Activation Addition: Steering Language Models Without Optimization

Read original: arXiv:2308.10248 - Published 6/5/2024 by Alexander Matt Turner, Lisa Thiergart, Gavin Leech, David Udell, Juan J. Vazquez, Ulisse Mini, Monte MacDiarmid

💬

Overview

Controlling the behavior of large language models is a critical challenge
Existing methods include supervised finetuning, reinforcement learning, and prompt engineering
This paper explores a new approach called "activation engineering" to predictably alter model behavior

Plain English Explanation

The researchers in this paper are investigating a new way to control the behavior of large language models, which are powerful AI systems that can generate human-like text. Existing methods for controlling these models, like fine-tuning them on specific tasks or using reinforcement learning, can be time-consuming and expensive.

The researchers' approach, called "activation engineering," is different. Instead of retraining the entire model, they modify the internal activations - the patterns of neuron activity - during the inference process. By adding a special "steering vector" to the activations, they can nudge the model's outputs in a desired direction, like making the text less toxic or more positive in sentiment.

What's novel about their method, called Activation Addition (ActAdd), is that they compute these steering vectors automatically by looking at the differences in activations between pairs of prompts. This means users can control the model's behavior just by giving it the right prompts, without needing to do extensive fine-tuning or reinforcement learning.

The researchers show that ActAdd works well on a range of large language models, allowing them to outperform other methods on tasks like removing toxicity and changing sentiment. Importantly, it does this without hurting the model's performance on unrelated tasks. And as the models get larger, ActAdd becomes more efficient compared to other approaches.

Technical Explanation

The paper introduces a new method called "Activation Addition" (ActAdd) for controlling the behavior of large language models (LLMs) during inference. Rather than relying on costly fine-tuning or reinforcement learning from human feedback, ActAdd modifies the internal activations of the model to steer its outputs in a desired direction.
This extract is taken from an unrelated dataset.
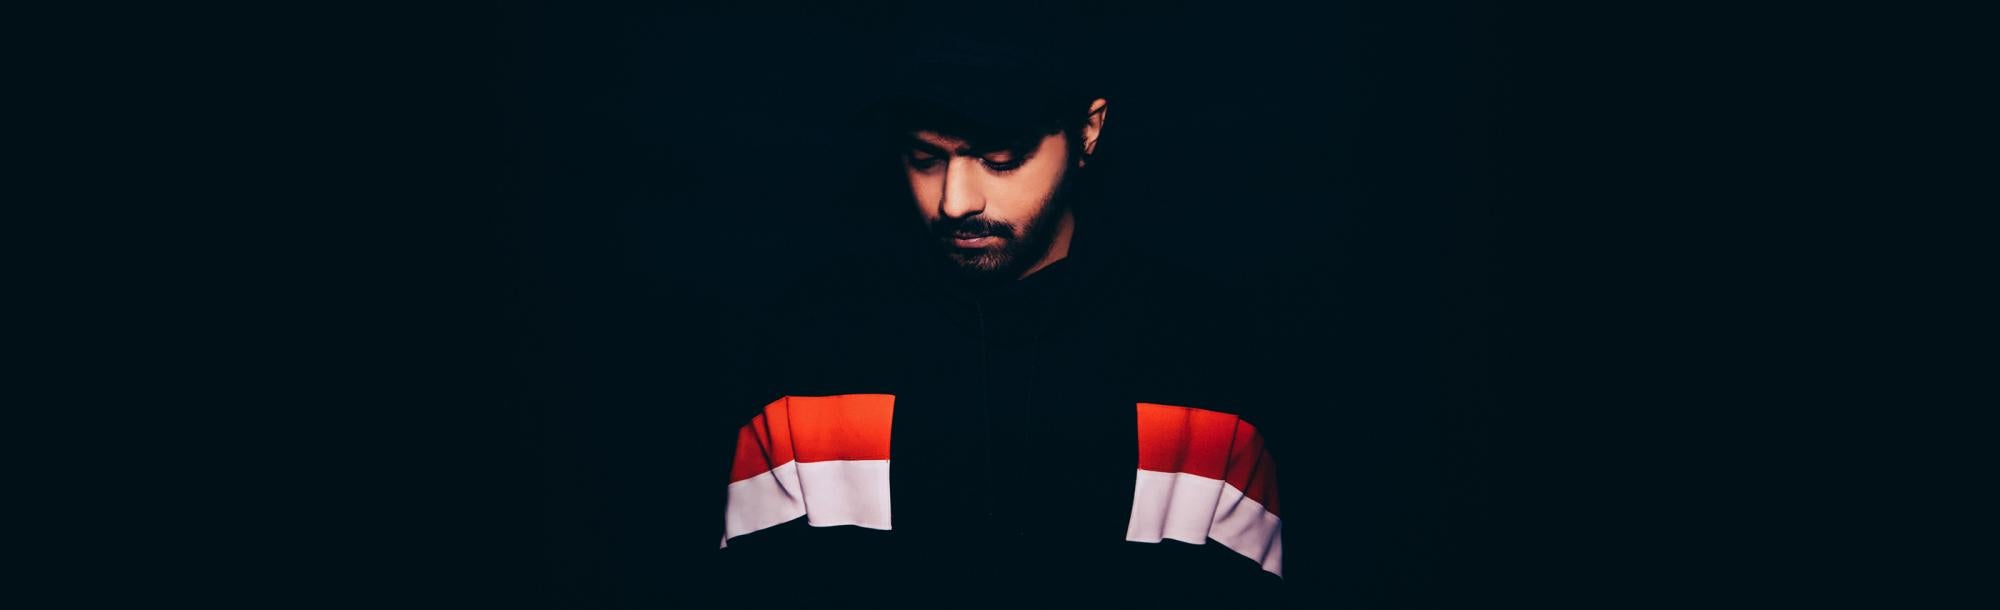 Jai Wolf looking downward, wearing mostly black clothing and standing against a black background.

The key insight is that the activations of an LLM encode high-level information about the model's internal representations and decision-making process. By adding a carefully-constructed "steering vector" to these activations, the researchers can predictably alter properties of the model's outputs, such as their topic, sentiment, or toxicity level.
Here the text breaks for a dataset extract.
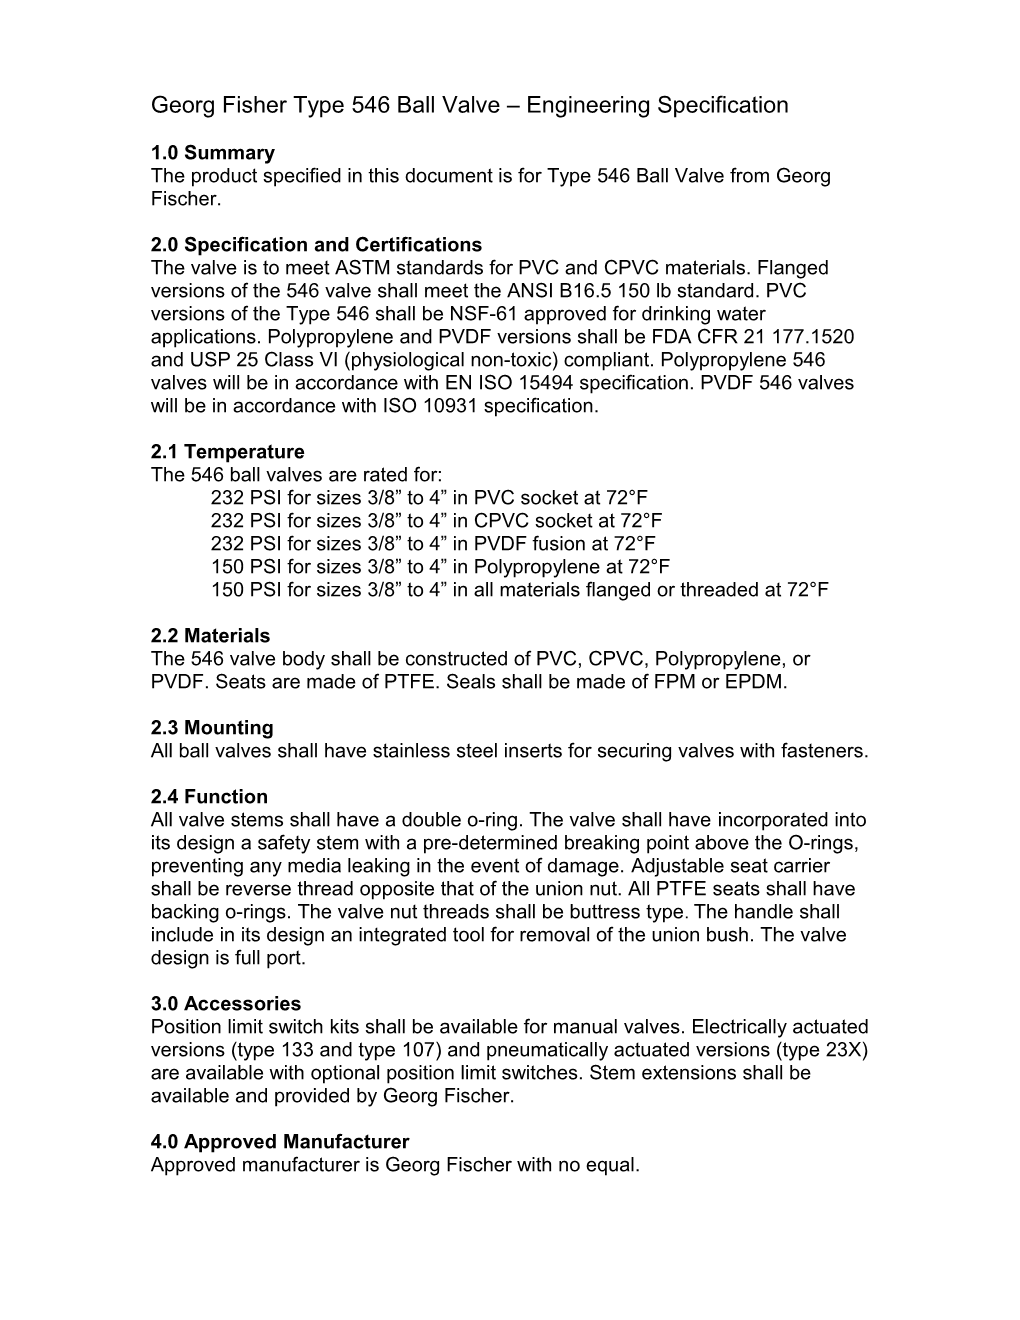 Georg Fisher Type 567 Butterfly Valve Engineering Specification

Unlike prior work that learned these steering vectors, ActAdd computes them automatically by taking the differences in activations between pairs of prompts. This allows users to control the model's behavior simply by providing the right input prompts, without needing to retrain or fine-tune the model.

The researchers evaluate ActAdd on a range of LLMs, including LLaMA-3, OPT, GPT-2, and GPT-J. They demonstrate state-of-the-art performance on tasks like detoxification and sentiment control, while preserving the model's performance on unrelated tasks.
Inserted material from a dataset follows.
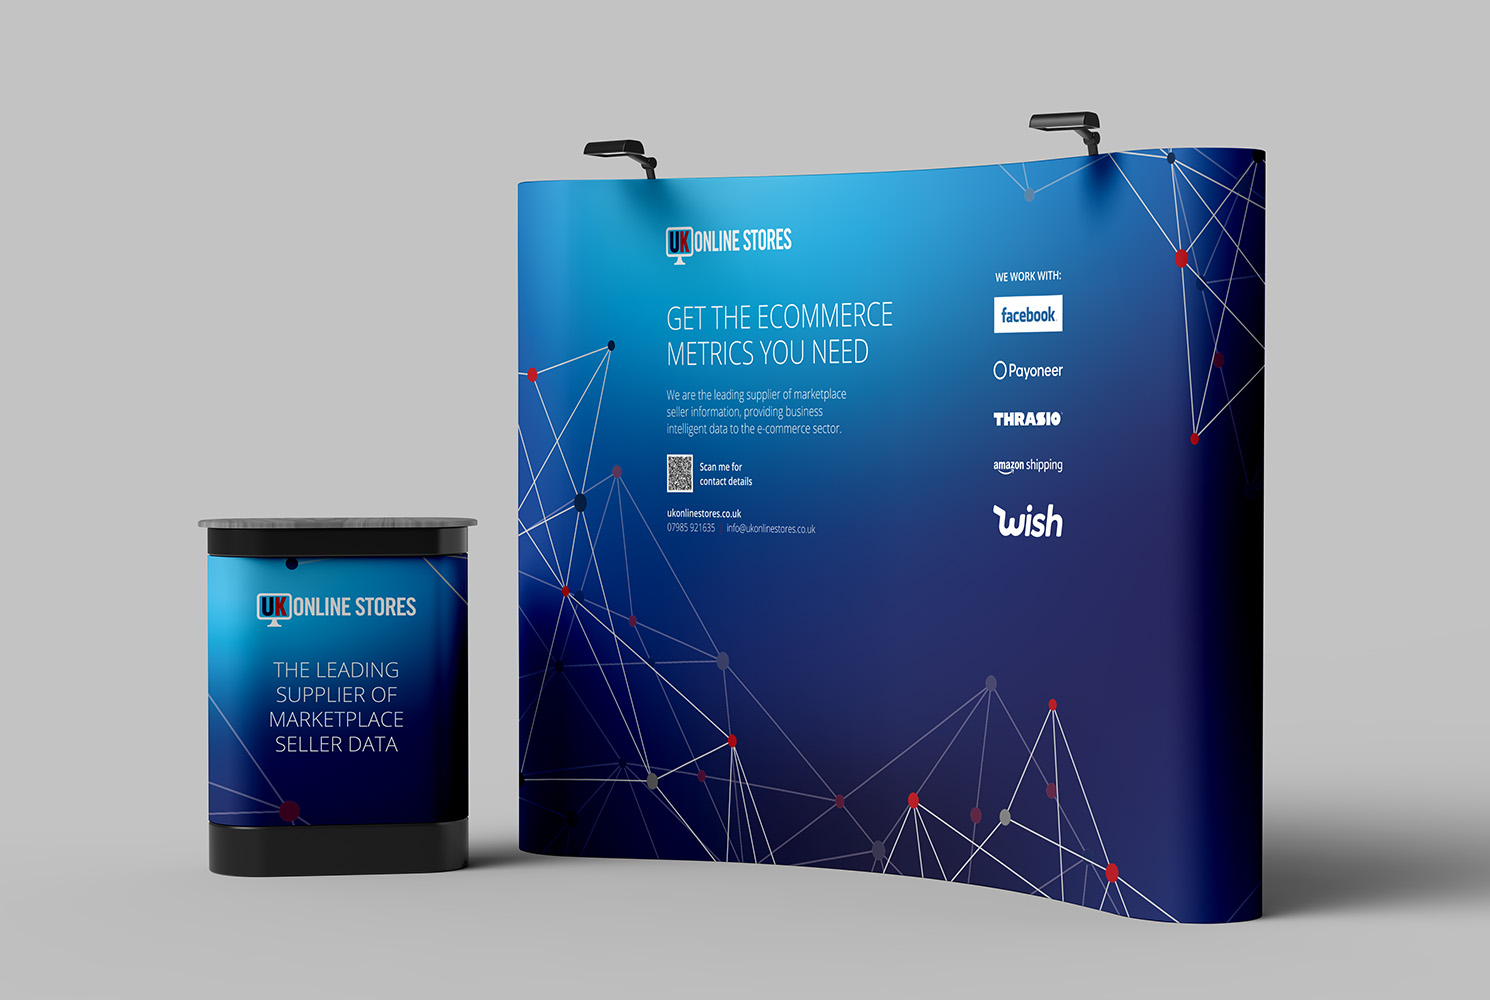 UK Online Stores exhibition stand

Importantly, ActAdd is computationally efficient, with the overhead of the activation modifications remaining stable or even improving as model size increases. This contrasts with fine-tuning or reinforcement learning approaches, which become increasingly costly as models grow larger.

Critical Analysis

The paper presents a compelling approach to controlling the behavior of large language models, but there are a few caveats to consider:

Interpretability: While the paper demonstrates the effectiveness of ActAdd, it doesn't fully explain how the activation modifications translate to the desired changes in output. More research is needed to understand the underlying mechanisms and ensure the changes are interpretable and aligned with user intent.
Prompt Dependence: The performance of ActAdd relies heavily on the choice of prompts used to compute the steering vectors. It's unclear how robust the method is to variations in prompts or how to best select prompts for a given task or desired outcome.
Generalization: The paper focuses on a limited set of tasks, like detoxification and sentiment control. Further research is needed to understand how well ActAdd can generalize to a broader range of control tasks and model types.
Ethical Considerations: The ability to precisely control the behavior of large language models raises important ethical questions. Researchers should carefully consider the potential for misuse and work to ensure these techniques are developed responsibly.

Despite these caveats, the paper introduces a promising new approach to controlling large language model agents that could have significant implications for the field of AI safety and robustness.

Conclusion

This paper presents a novel method called "Activation Addition" (ActAdd) for controlling the behavior of large language models during inference. By modifying the internal activations of the model, ActAdd can steer the output in a desired direction, such as making it less toxic or more positive in sentiment.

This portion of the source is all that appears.